For fine mapping, or determining where on the chromosome the mutation is, we abandon our pooled DNA and work with individual DNA samples. We need as many of these as we can get, so we keep breeding our mapping pair (Mom and Dad) and sorting out the offspring based on mutant phenotype. (Remember that recessive traits are found in 1/4 of a carrier pair's offspring... do a Punnett square if you can't remember how that works.) So 1/4 of the offspring are identified as mutants, and the other 3/4 are siblings. Of these siblings, 2/3 (or 1/2 of the total) are heterozygous, or carriers, and 1/3 (1/4 of the total) are homozygous wild-type, or don't carry the mutation. Most importantly, though, every individual identified as a mutant must be homozygous at the site of the mutation.
So what we do here is we test markers all up and down the chromosome we've identified on all of our DNA samples - mutant, sibling, and parents and grandparents. Due to recombination, not all the mutants will be homozygous at all of the locations we test - and the proportion of those who are homozygous (show up with just one band - instead of two =) is directly proportional to how close the marker is to the mutation. Recall that during meiosis, when germ cells (sperm and egg) are being formed, crossing over occurs between homologous chromosomes (i.e. your copy of 5 from mom and your copy of 5 from dad), creating new chromosomes with bits of each. BUT - we know that all the mutants must have the AB chromosome only at the location where the mutation is, so we use this information to narrow down where the mutation is.

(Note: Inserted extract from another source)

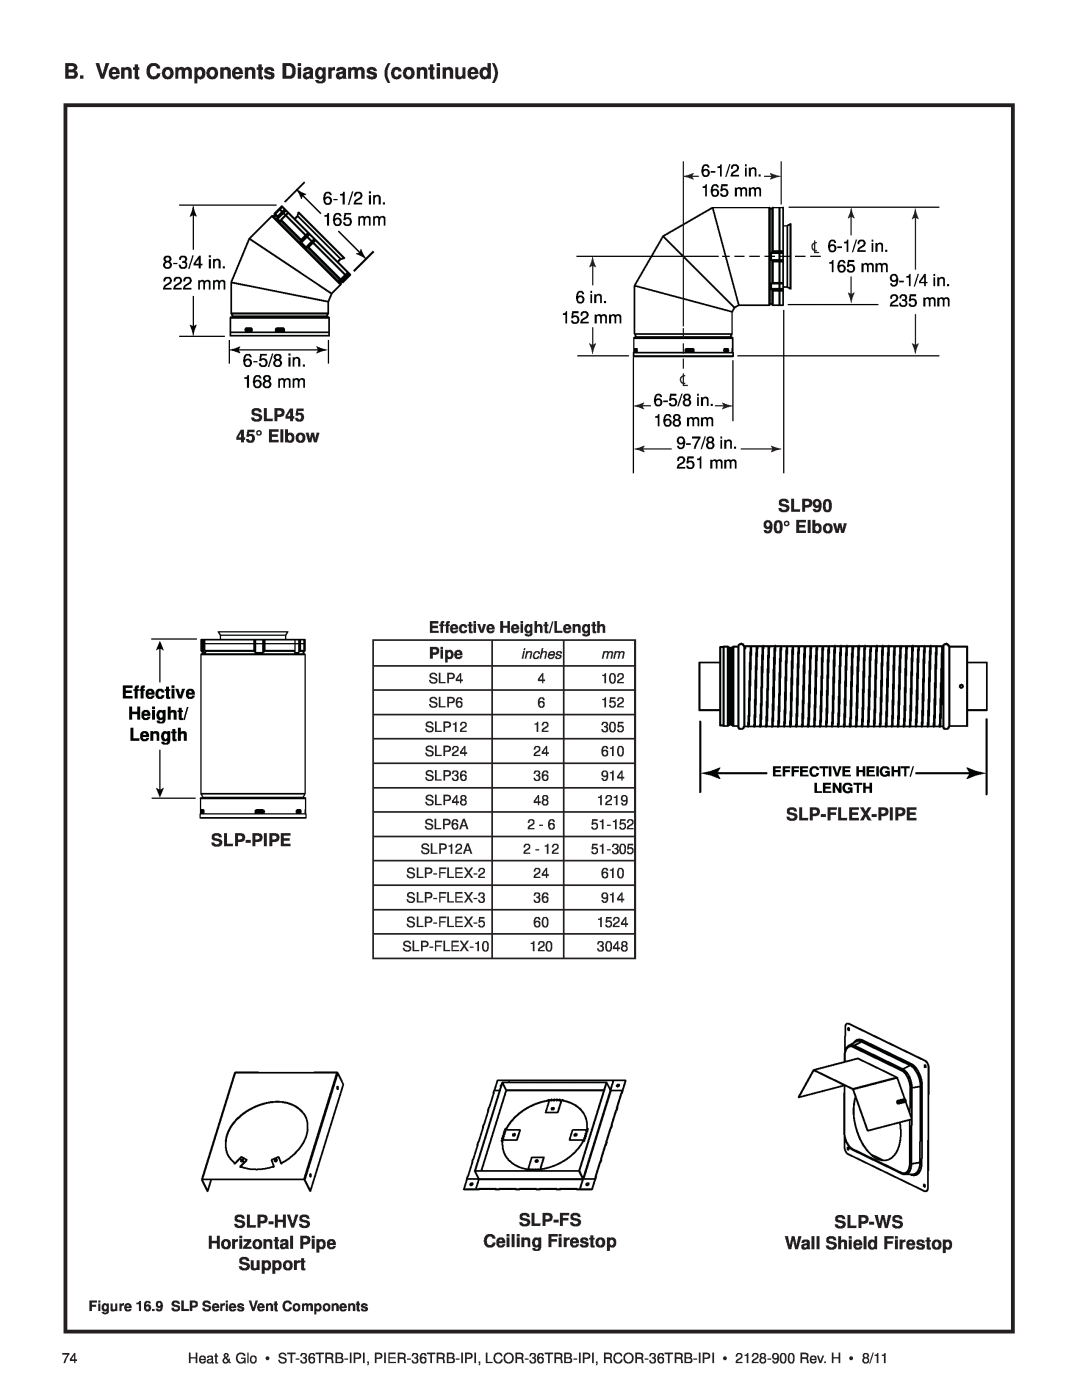 Heat & Glo LifeStyle ST-36TRB-IPI B. Vent Components Diagrams continued, SLP45, SLP90 90 Elbow, Slp-Pipe, Slp-Hvs

Here's another sample gel. This time, individuals are listed vertically, and each column is that fish's genotype at each of 5 different markers.
mutant A - - - = =
mutant B = - - - -
mutant C = = - - -
mutant D - - - - =
mutant E = = - - -
wt sib A = = = = =
wt sib B - = = = =
wt sib C - - = = =
wt sib D = = = - -
wt sib E = = = = -
Based on these results, we can conclude that the mutation is closest to the third marker - since all the mutants are homozygous and all the sibs are heterozygous here. (In reality, some siblings would also have just one line corresponding to the upper band, but I can't really do that with the ASCII at my disposal.) By testing hundreds, if not a thousand, mutant and wild-type fish, you can find a pair of markers between which the mutation must lie. By testing markers that are closer and closer together, you can narrow down the region to a few hundred thousand base-pairs, after which the mutation is mapped, and now needs to be cloned. But that's another post for another day.

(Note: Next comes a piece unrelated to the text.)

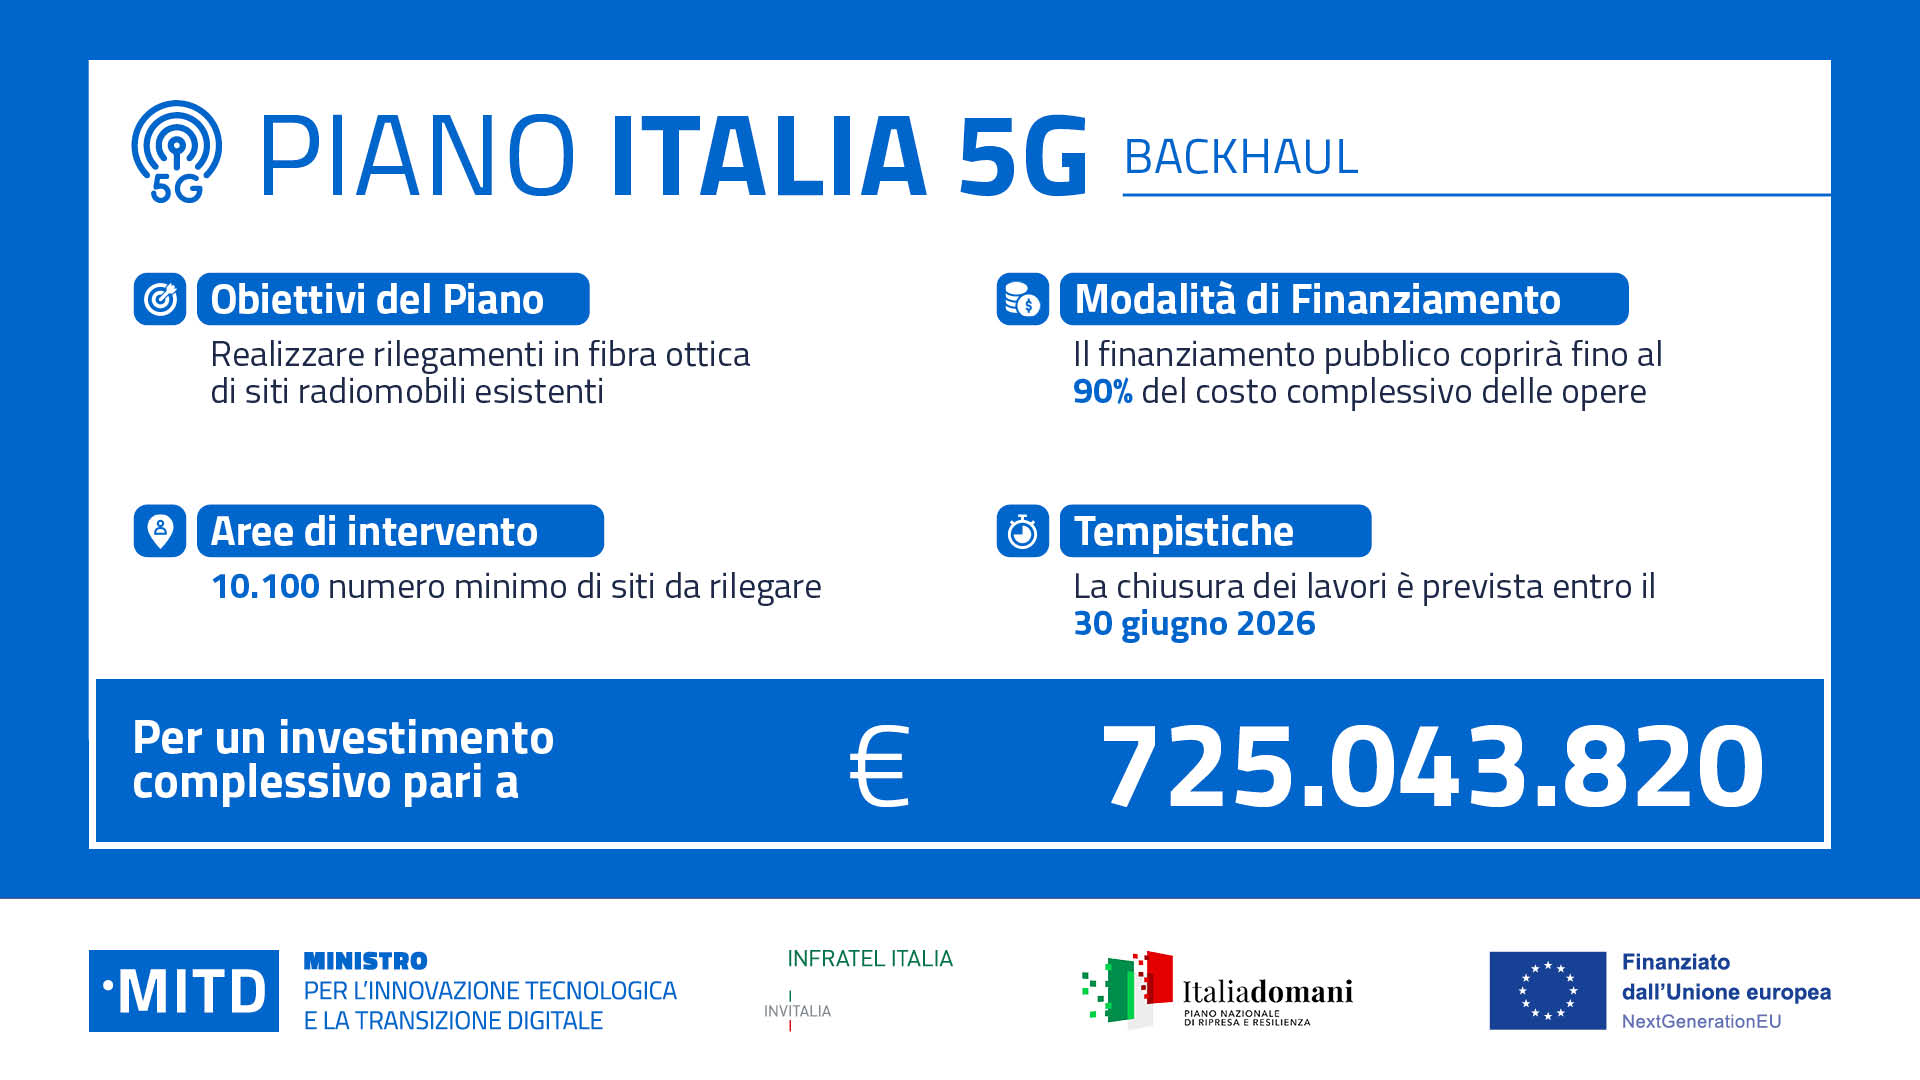 Piano Italia 5G - Linea di intervento A

This all sounds pretty easy and straightforward, and while it's conceptually simple, it's a lot harder in practice. One challenge that has hampered my progress is finding polymorphic markers - markers with different lengths between AB and WIK fish. There are also challenges with breeding and identifying mutant fish - sometimes the fish don't "give" (spawn) well, and after about a year an old pair will just stop giving. It can take a long time to map and clone a gene, as I've proven by taking more than a year and a half to find this one... or you can also get lucky and find it relatively quickly. Like anything in science, it's probably 50% luck, 50% hard work.

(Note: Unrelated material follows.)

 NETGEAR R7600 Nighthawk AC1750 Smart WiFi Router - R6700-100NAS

So that's my post on how to map a gene. The details vary by organism, but it's pretty much the same in principle - whether you're mapping the cystic fibrosis gene in humans or a novel mutation in zebrafish, fruit flies, or yeast. This whole process is known as "positional cloning" - finding the gene by its position in the genome. It's labor-intensive and slow at times, but it's a powerful method for finding a mutation that could be anywhere.
(* I have my own theories as to why this line is so polymorphic, but they're all unfounded at this point, just based on observation and hearsay. There's a chance that I'll end up exploring this as a part of my Ph.D. work... but until then, I'm going to leave those theories out.)